:: What the task asks ::
Print out the data below in full and exactly, skipping the pictures.
======== Supplied information
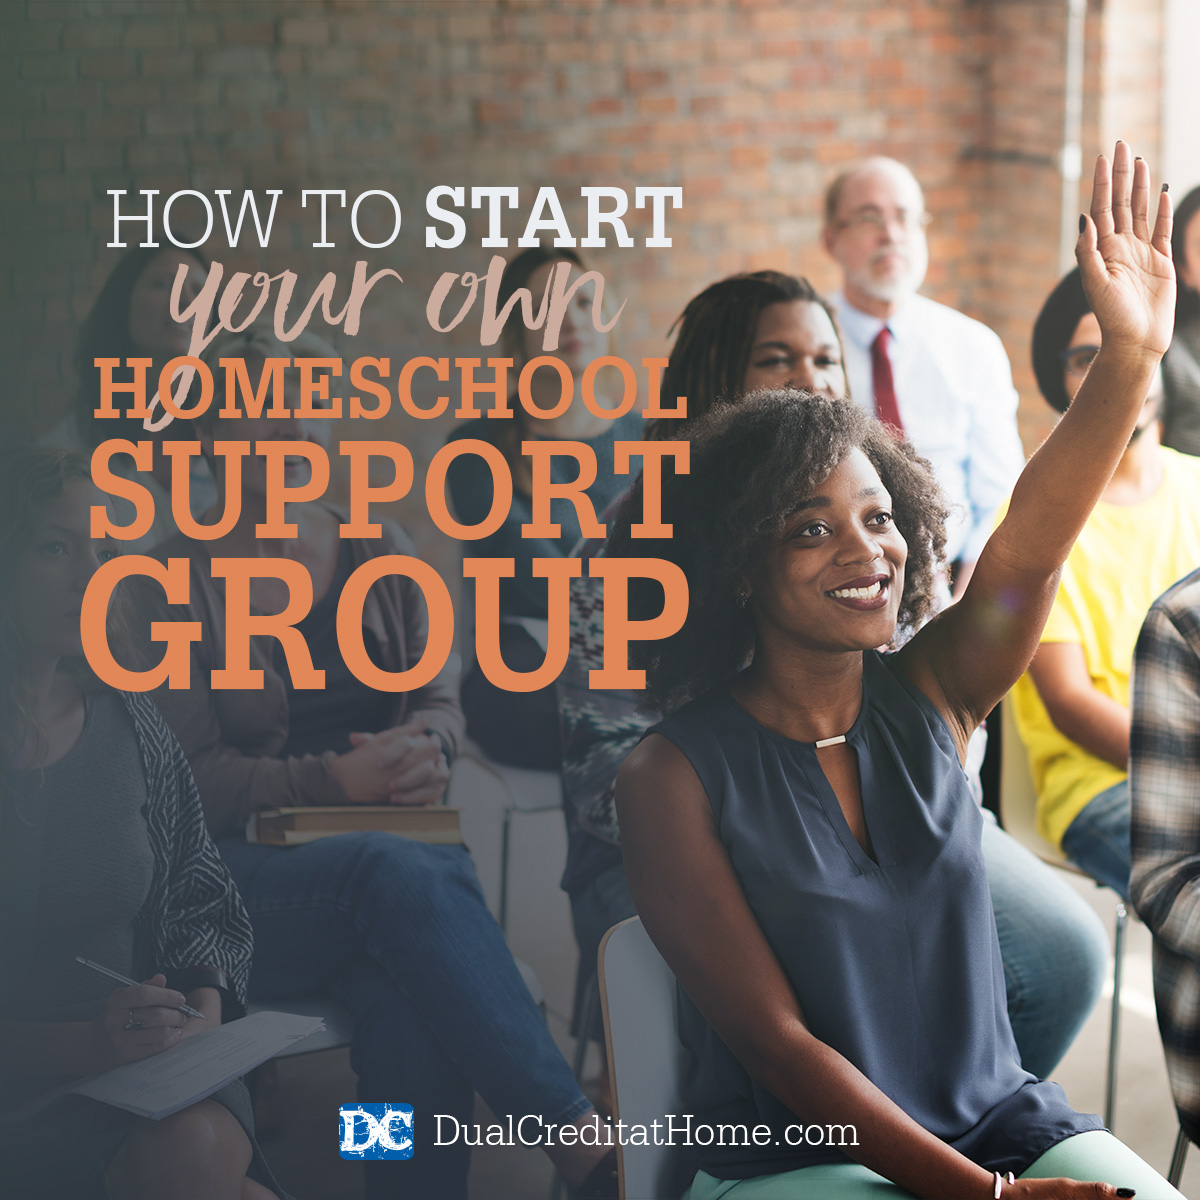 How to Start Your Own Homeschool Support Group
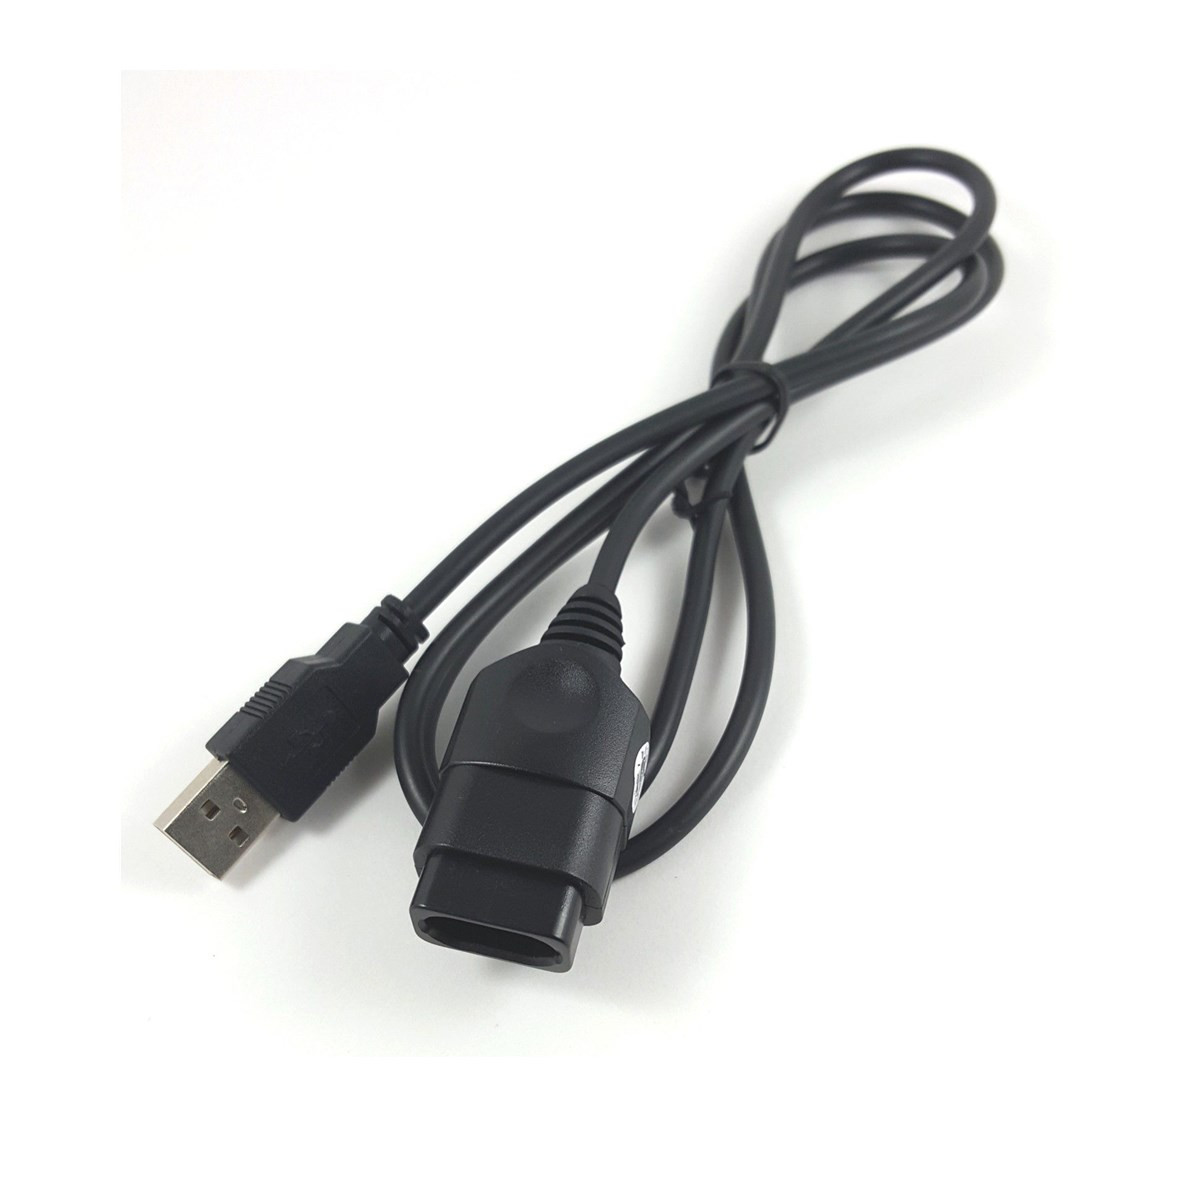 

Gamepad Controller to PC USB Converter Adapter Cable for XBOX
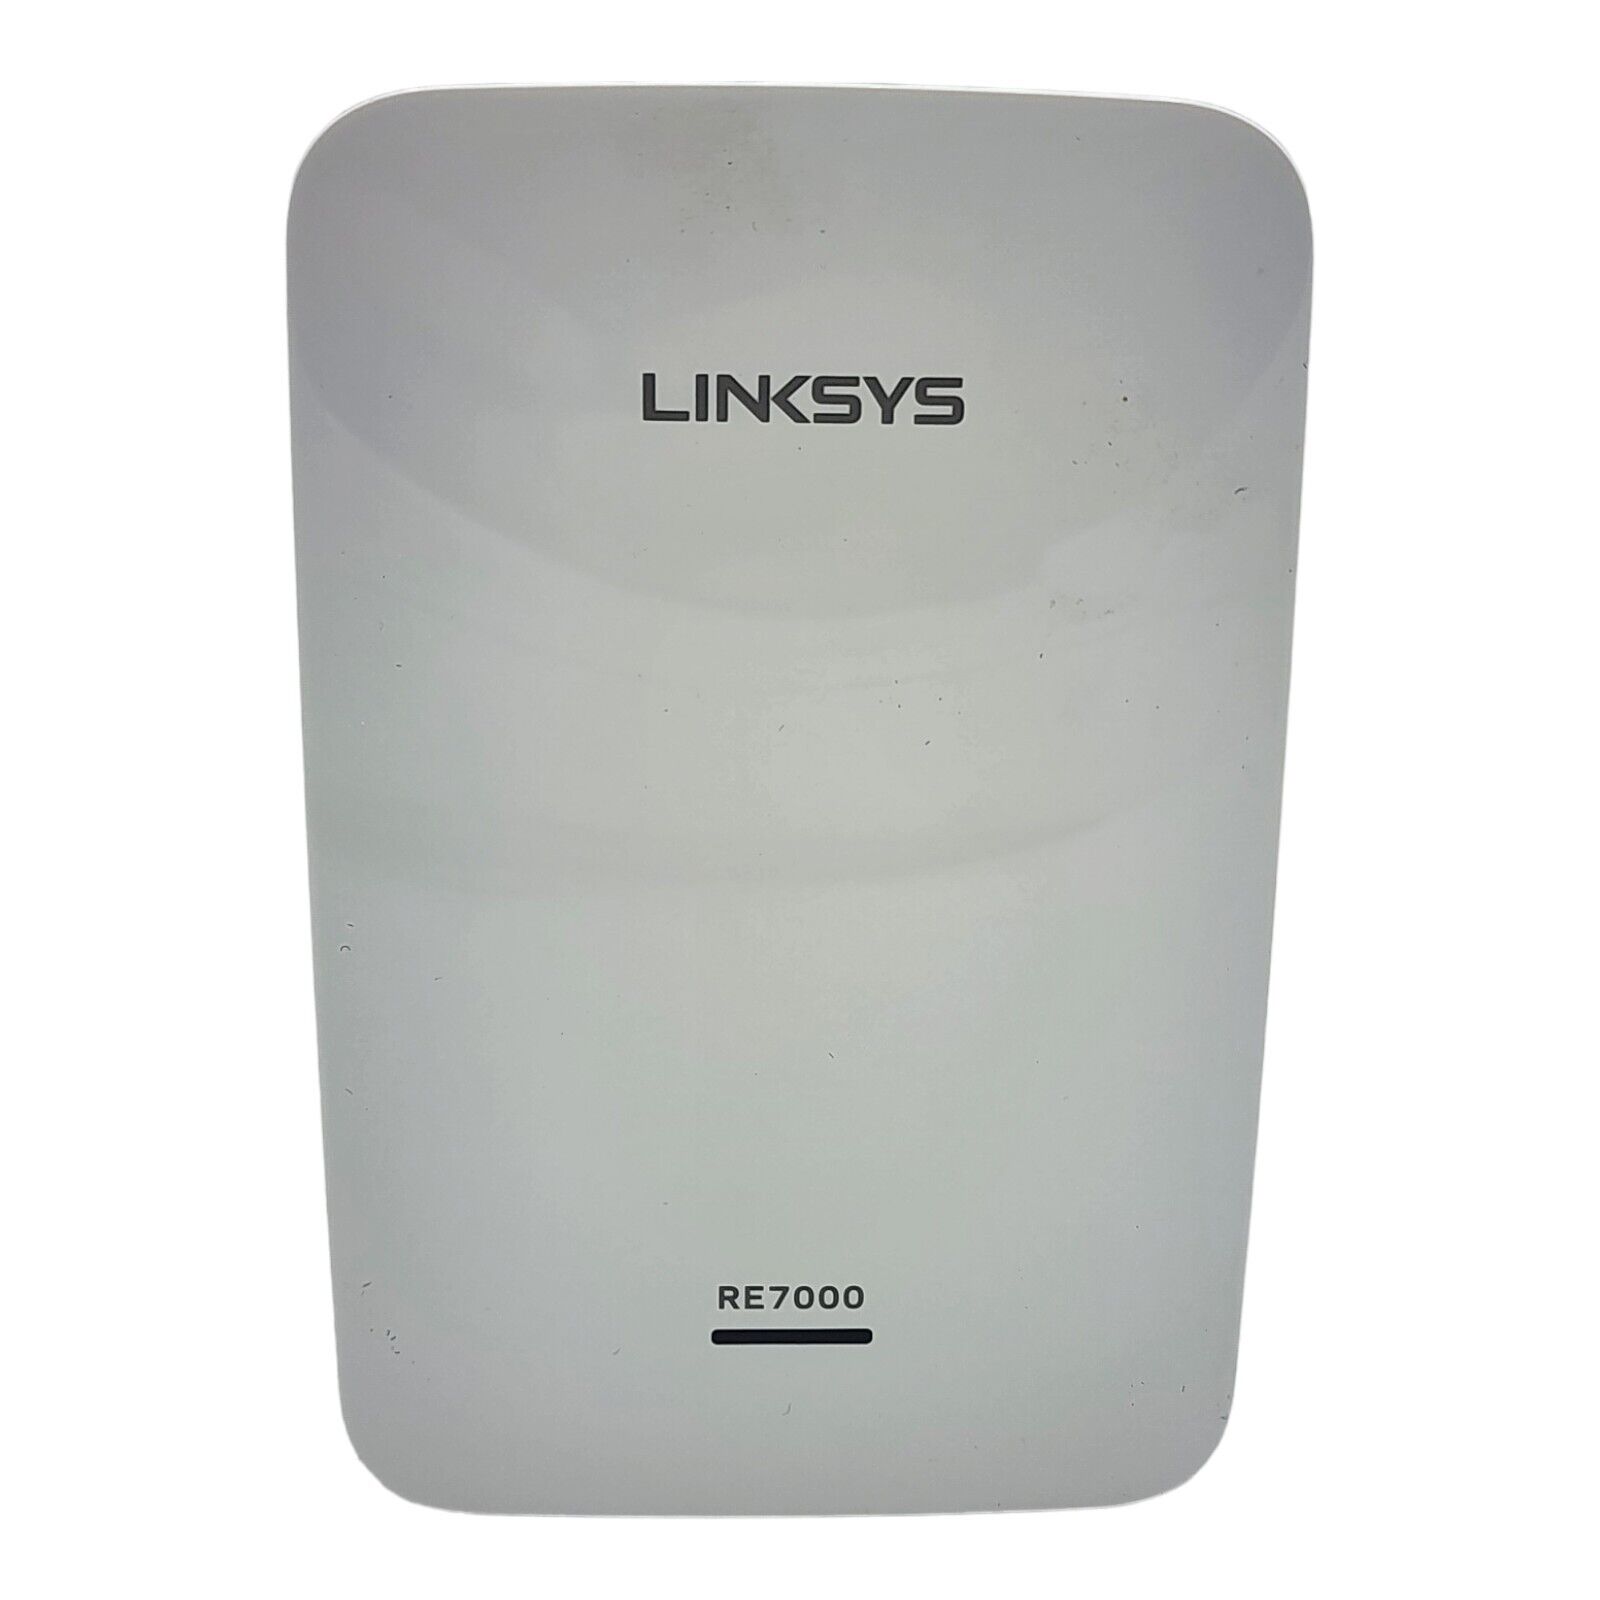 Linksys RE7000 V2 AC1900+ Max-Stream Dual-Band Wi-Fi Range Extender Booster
================
:: Solved problem ::
 How to Start Your Own Homeschool Support Group

Gamepad Controller to PC USB Converter Adapter Cable for XBOX
 Linksys RE7000 V2 AC1900+ Max-Stream Dual-Band Wi-Fi Range Extender Booster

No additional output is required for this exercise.